As AI adoption continues to gather momentum across the global wealth industry, financial planners are still getting to grips with the emerging technology – and while there's no final verdict yet, new research points to a positive outlook overall.
More than three-quarters of financial planners around the world believe artificial intelligence will improve their ability to serve clients, according to a new global study released Tuesday by the Financial Planning Standards Board.
The research, which surveyed over 6,200 financial planners in 24 territories, found that two-thirds of advisory firms are already using AI or plan to adopt it within the next 12 months.
Adoption is especially strong among smaller firms and the largest institutions, the report found. Over 70 percent of planners at small firms – those with 2 to 10 planners on the team – said are either already using AI, piloting it, or planning to implement it in the next 12 months; more than 60 percent of those at very large firms said the same.
“With financial planners recognizing AI’s potential to lower costs and believing it will expand access to underserved communities, AI is paving the way for more affordable financial advice,” Dante De Gori, chief executive of the FPSB, said in a Wednesday statement announcing the results.
Among planners at firms already using AI, nearly half are leveraging the technology to assist with client-facing functions, including communications, data gathering and risk profiling. A third of respondents also reported using AI to streamline operations, particularly in marketing and onboarding processes.
Despite overall optimism, many financial planners remain cautious about potential risks. Nearly half (47 percent) cited data privacy and cybersecurity as the biggest concerns with AI in the financial industry, followed by questions about the reliability and accuracy of AI-generated outputs (42 percent).
On balance, planners in the survey agreed AI would lead to real benefits for practices as well as consumers and investors. According to the report, 78 percent of respondents believe AI will help them better serve clients, while 60 percent say it will improve the quality of advice.

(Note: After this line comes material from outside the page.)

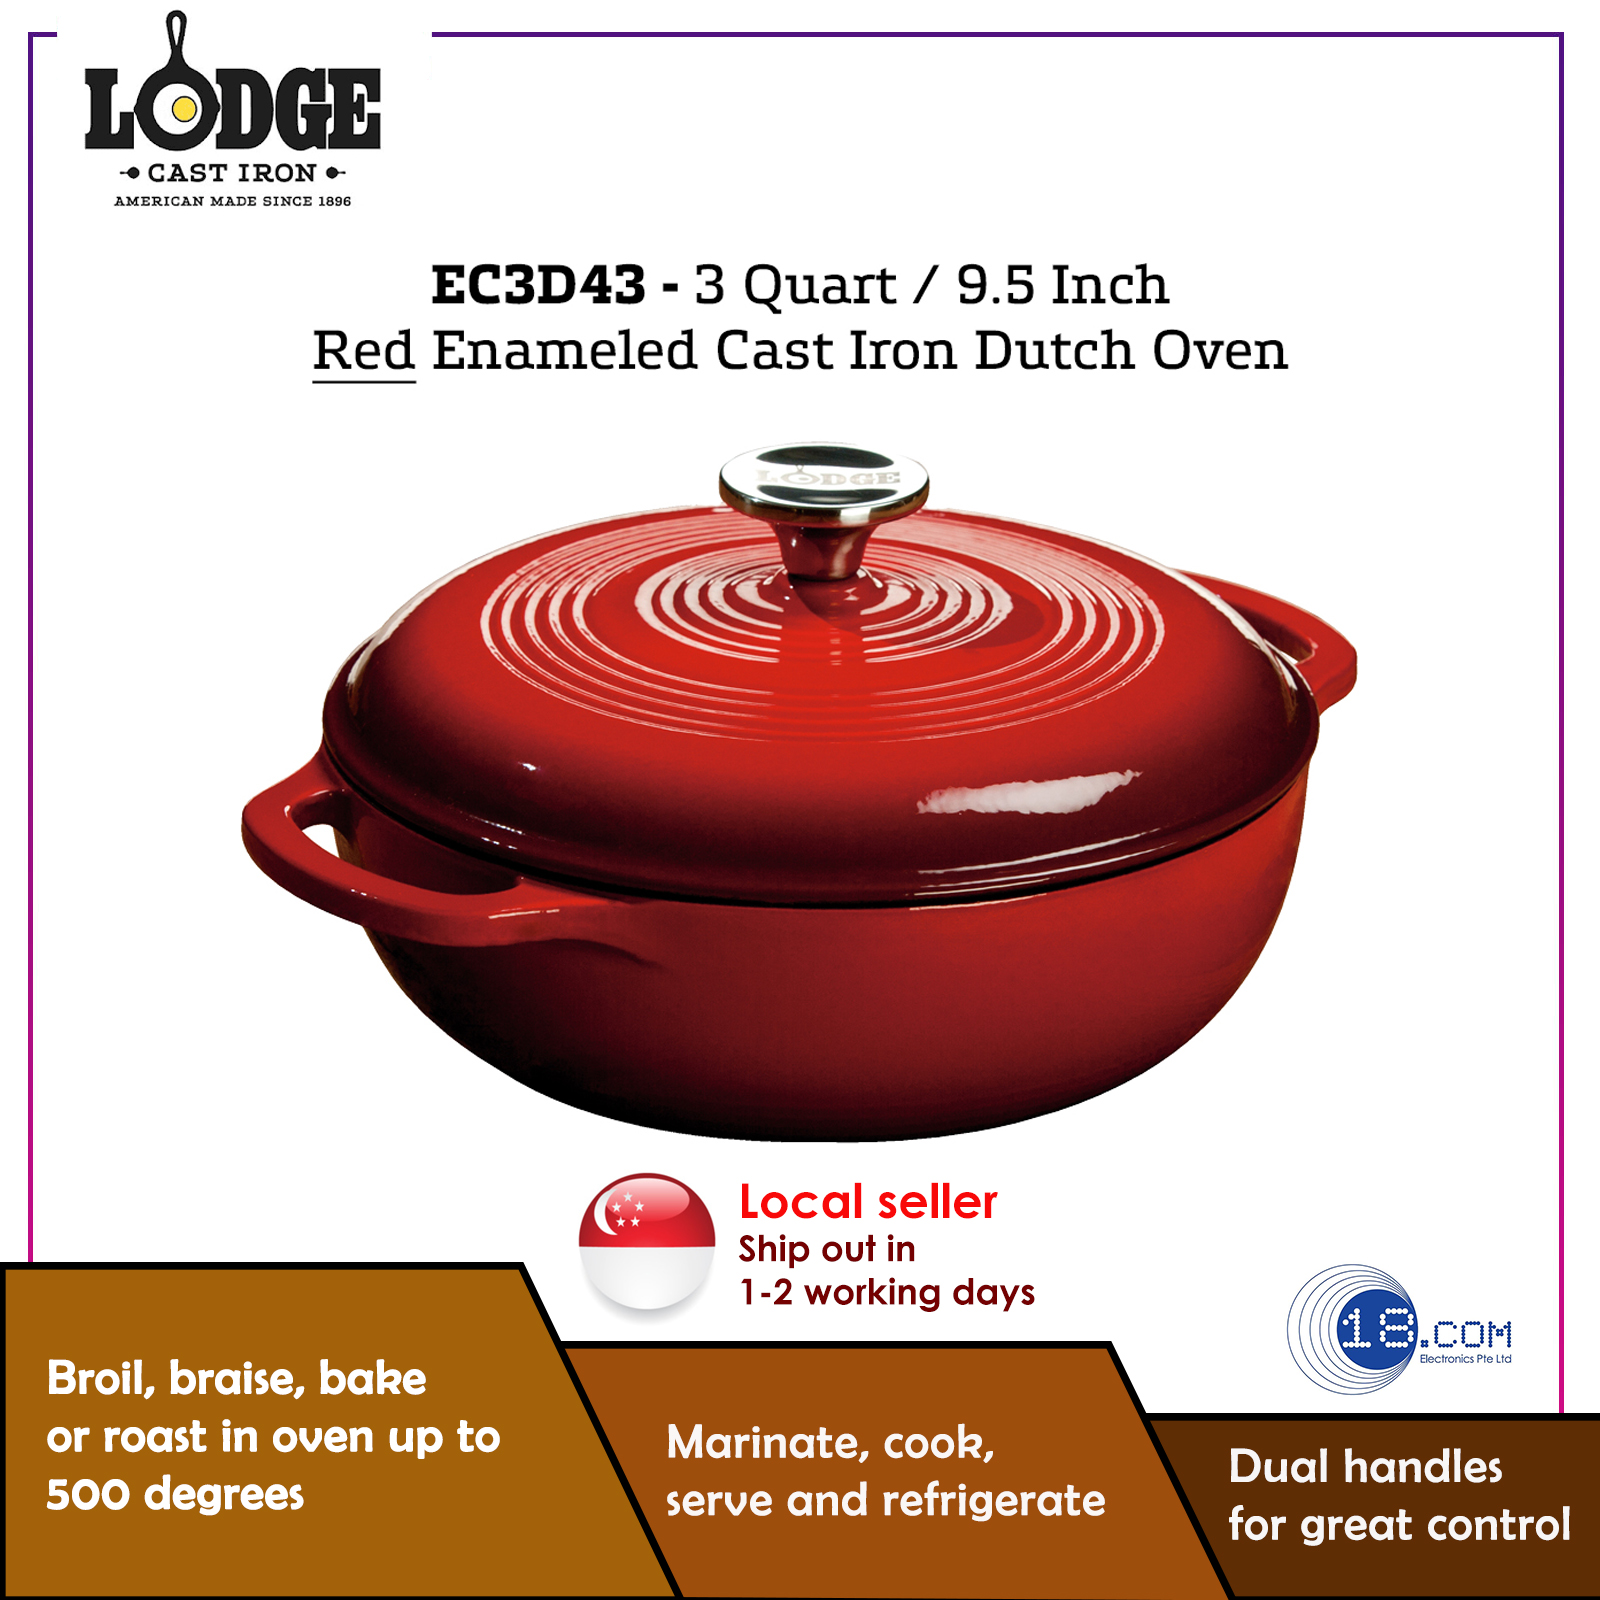 Lodge EC3CC43 3.6 Qt. Red Porcelain Enameled Cast Iron Round

Meanwhile, 59 percent believe it can help reduce costs, and 60 percent say it can improve access to financial planning for underserved communities.
When asked how AI could enhance the financial planning process, planners agreed it would be most beneficial in collecting client information, analyzing their financial status, and developing recommendations that can be presented to clients.
Planners also indicated a need for additional training to keep pace with technological advances. Nearly half (49 percent) said they need to enhance their skills in data analysis and interpretation, and over one-third (34 percent) advocated for general education on AI for both professionals and the public.
“We are witnessing a pivotal moment in the financial planning profession as financial planners embrace AI to work smarter, allowing more time to engage in deeper human connection with clients,” De Gori said.
Do US-based financial planners see AI differently from their global peers? That's a question for another time, as the FPSB research report didn't break down the data by region.